Vearey was fired after being found guilty of misconduct for “disrespectful” social media posts which were allegedly directed at National Police Commissioner General Khehla Sitole.
The DA’s spokesperson on police, Andrew Whitfield, said the dismissal made a mockery of the police’s disciplinary processes.
“If Police Minister Bheki Cele and Sitole cannot bring stability to the SAPS, we will continue to see selective disciplinary along factional lines which will inevitably lead to increasing dysfunction and low levels of morale.
“The SAPS consistently fails to decisively discipline corrupt police officers and those responsible for brutality within their ranks. This was exposed in Parliament last week. Vearey appears to be a soft target in an ongoing factional purge as we saw in the Eastern Cape recently.”

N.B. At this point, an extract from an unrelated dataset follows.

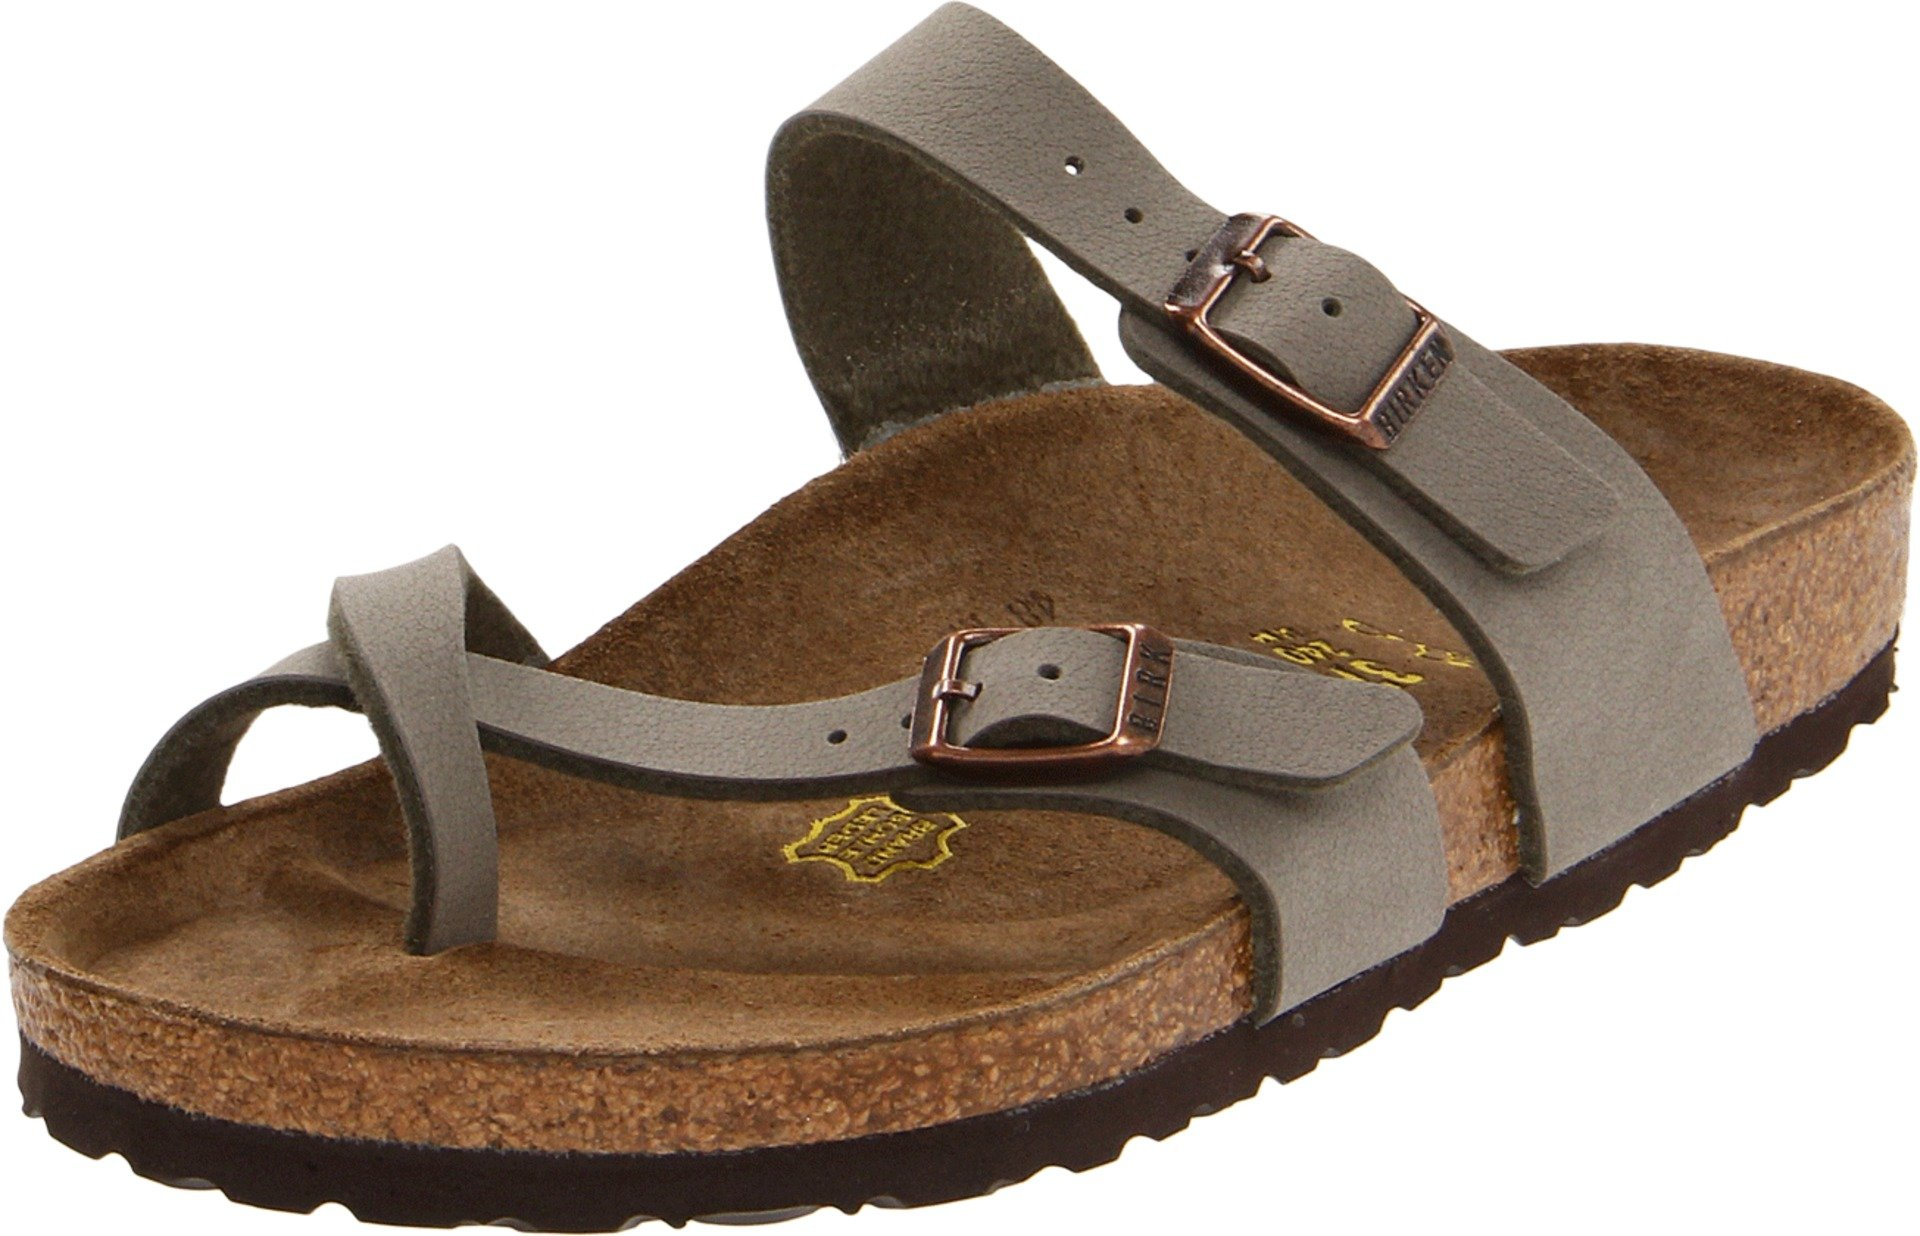 Birkenstock Women's Mayari Thong Sandal,Stone,EU Size 38/Women's US Size 7-7.5

National police spokesperson Brigadier Vish Naidoo said Vearey was subjected to a disciplinary process following social media posts he made of messages and images late last year and earlier this year and caused the same to be circulated via the social media network.
“Some of the messages were directed at the national commissioner and contained words that were considered derogatory, offensive, insulting and disrespectful to the national commissioner, thus bringing the national commissioner and the South African Police Service into disrepute.
“These actions were considered a misconduct in terms of the SAPS disciplinary regulations and therefore warranted a departmental action.”
Last week the SAPS and the Independent Police Investigative Directorate (Ipid) updated the portfolio committee of police on the status of discipline management in the SAPS, the reported cases of misconduct, progress with the cases and the impact of discipline on the conduct of employees.
It was revealed that for the current financial year SAPS probed 3 401 disciplinary cases involving 4 438 of its members. These cases ranged from corruption, rape in police custody, rape by a police officer, torture and assault to death in police custody and deaths as a result of police action, to name a few.
Meanwhile, Freedom Front Plus leader Pieter Groenewald said Vearey's axing was an example of what happened when there was poor discipline in the police service.
“Each and every senior manager may have their own views, but I'm of the opinion that you do not solve your problems and internal problems via social media in the public domain. That is ill-discipline,” said Groenewald.
He added: “While I may not know all the merits of the case, if the national commissioner feels that he is within his rights and there is justification, then the law must follow its way.
“I suppose General Vearey will have the opportunity to object and follow due process as far as his version is concerned, but we cannot tolerate that his differences become public in the open domain because that results in the public having less trust in the police services.
“If senior managers cannot even solve their problems internally, how will they solve the crime problems of South Africa?”